① Because point O is the AC midpoint of the diagonal of square ABCD,
∴ Point O is the center of a square, and AC divides∝∠ ∝∠dab and∠∠ ∝∠dcb equally.
∵PE⊥PB,BC⊥CE,
∴B, c, e, p four-point * * * cycle
∴∠PEB=∠PCB=45,∠PBE=∠PCE=45,
∴∠PBE=∠PEB=45,
∴△PBE is an isosceles right triangle,
∴PB=PE,
In △PAB and △PAD, AB=AD, ∠ BAP = ∠ DAP = 45, and AP is the common side.
∴△PAB≌△PAD(SAS),
∴PB=PD,
∴PE=PD,
And ∵PF⊥CD,
∴df=ef;
②∵PF⊥CD, PG⊥AD and ∠ PCF = ∠ PAG = 45,
∴△PCF and △PAG are isosceles right triangles,
∵ Quadrilateral DFPG is a rectangle,
∴PA= 2PG,PC= 2CF,
PG = DF,DF=EF,
∴PA= 2EF,
∴pc= 2cf = 2(ce+ef)= 2ce+2ef = 2ce+pa,
That is, the relationship among PC, PA and CE is: PC = 2CE+PA;; ;
(2) Conclusion ① is still valid; Conclusion ② It is not valid.

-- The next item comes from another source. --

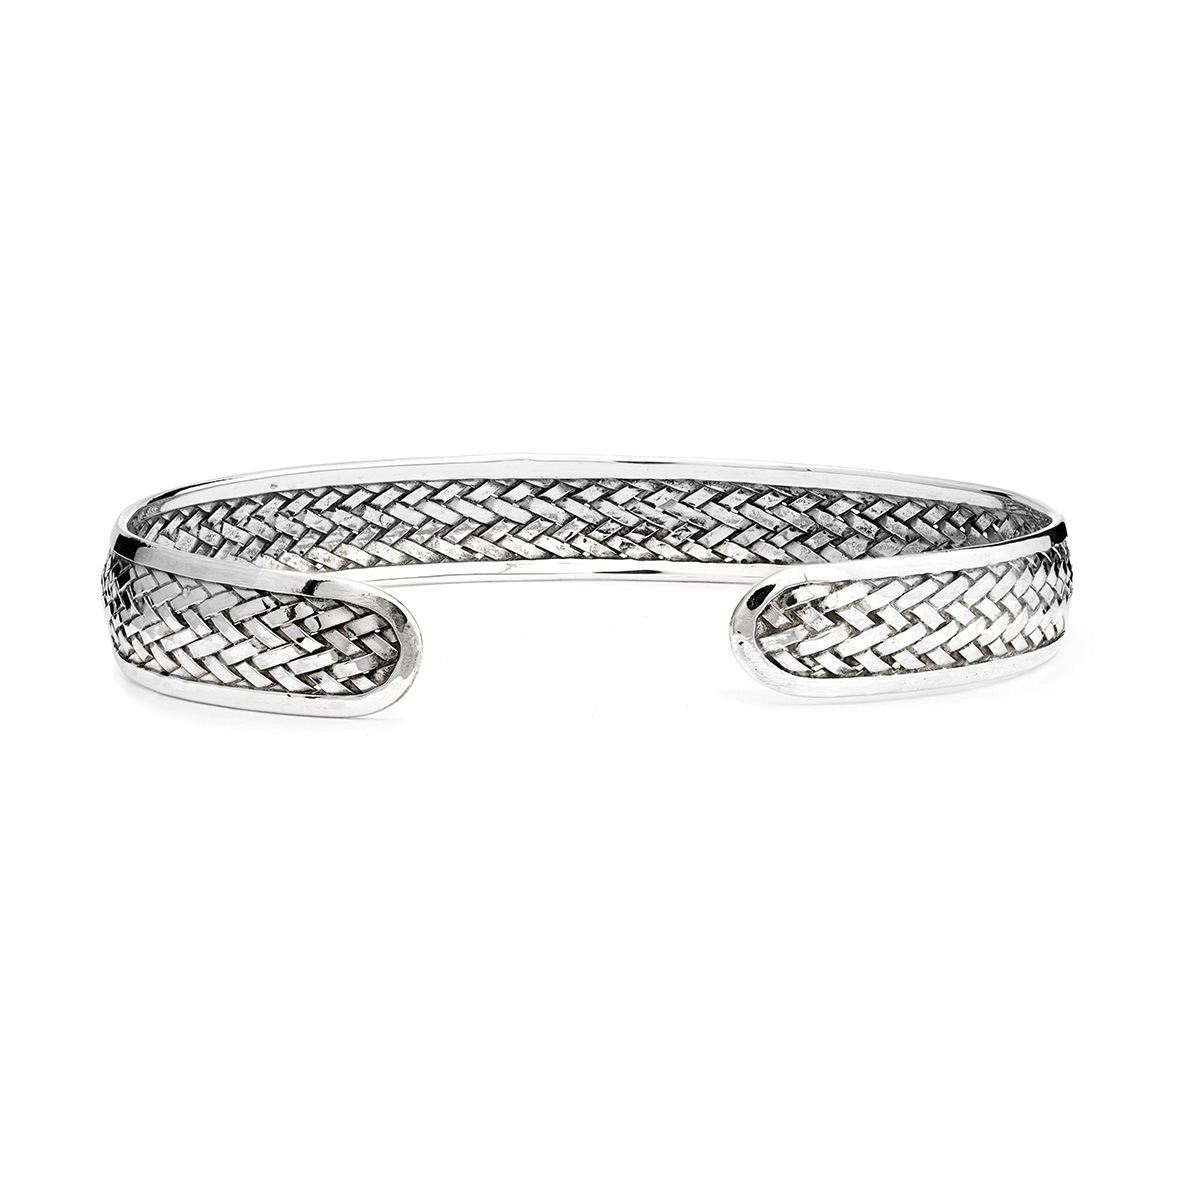 Atuh Silver Bracelet
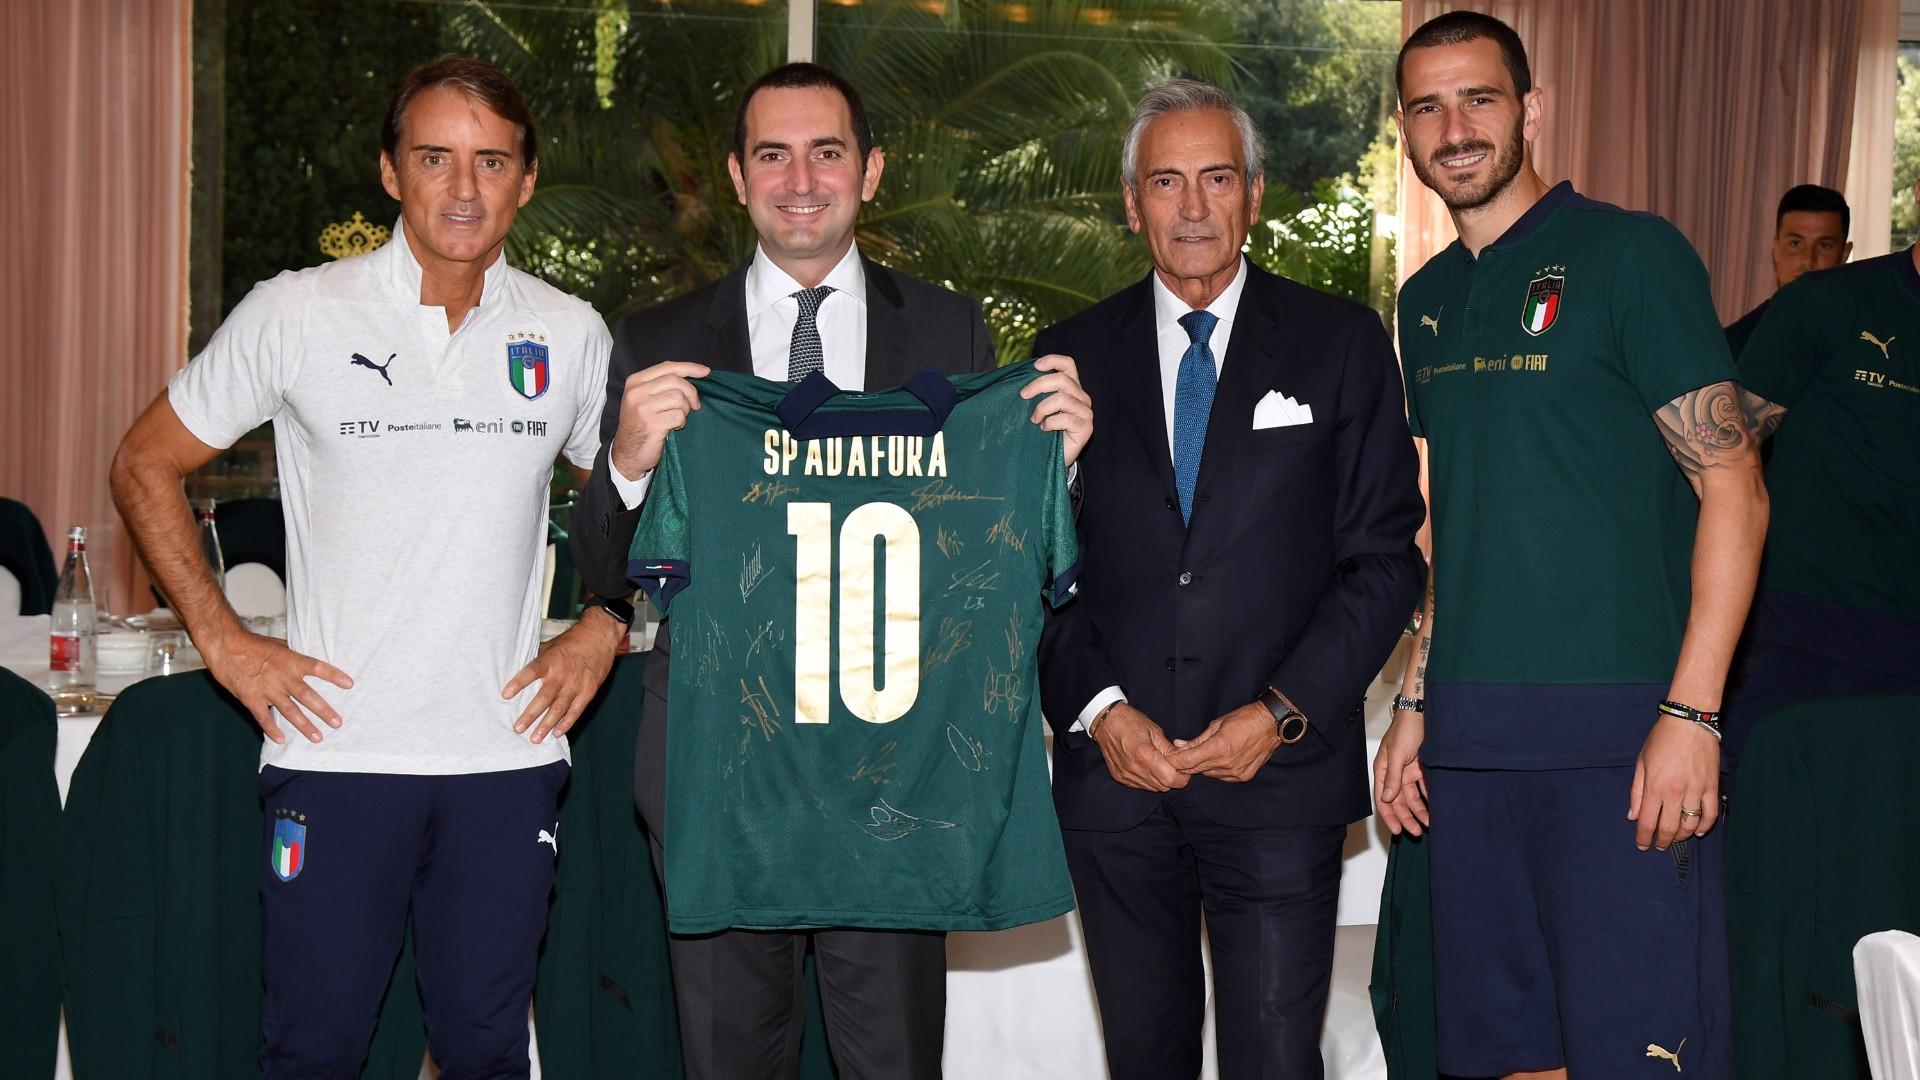 Coronavirus - Le ministre des Sports italien espère que la Serie A reprendra en mai

At this time, the quantitative relationship of the three line segments in ② is PA-PC = 2ce.
As shown in the figure:
①∵PB⊥PE,BC⊥CE,
∴B, p, c, e four-point * * * cycle
∴∠PEC=∠PBC,
△PBC and△ △PDC include BC=DC (known), ∠ PCB = ∠ PCD = 45 (proved), and PCs have something in common.
∴△PBC≌△PDC(SAS),
∴∠PBC=∠PDC,
∴∠PEC=∠PDC,
∵PF⊥DE,
∴df=ef;
② Similarly: PA= 2PG= 2DF= 2EF, PC= 2CF,
∴pa= 2ef = 2(ce+cf)= 2ce+2cf = 2ce+PC
That is, the relationship among PC, PA and CE is: PA-PC = 2ce.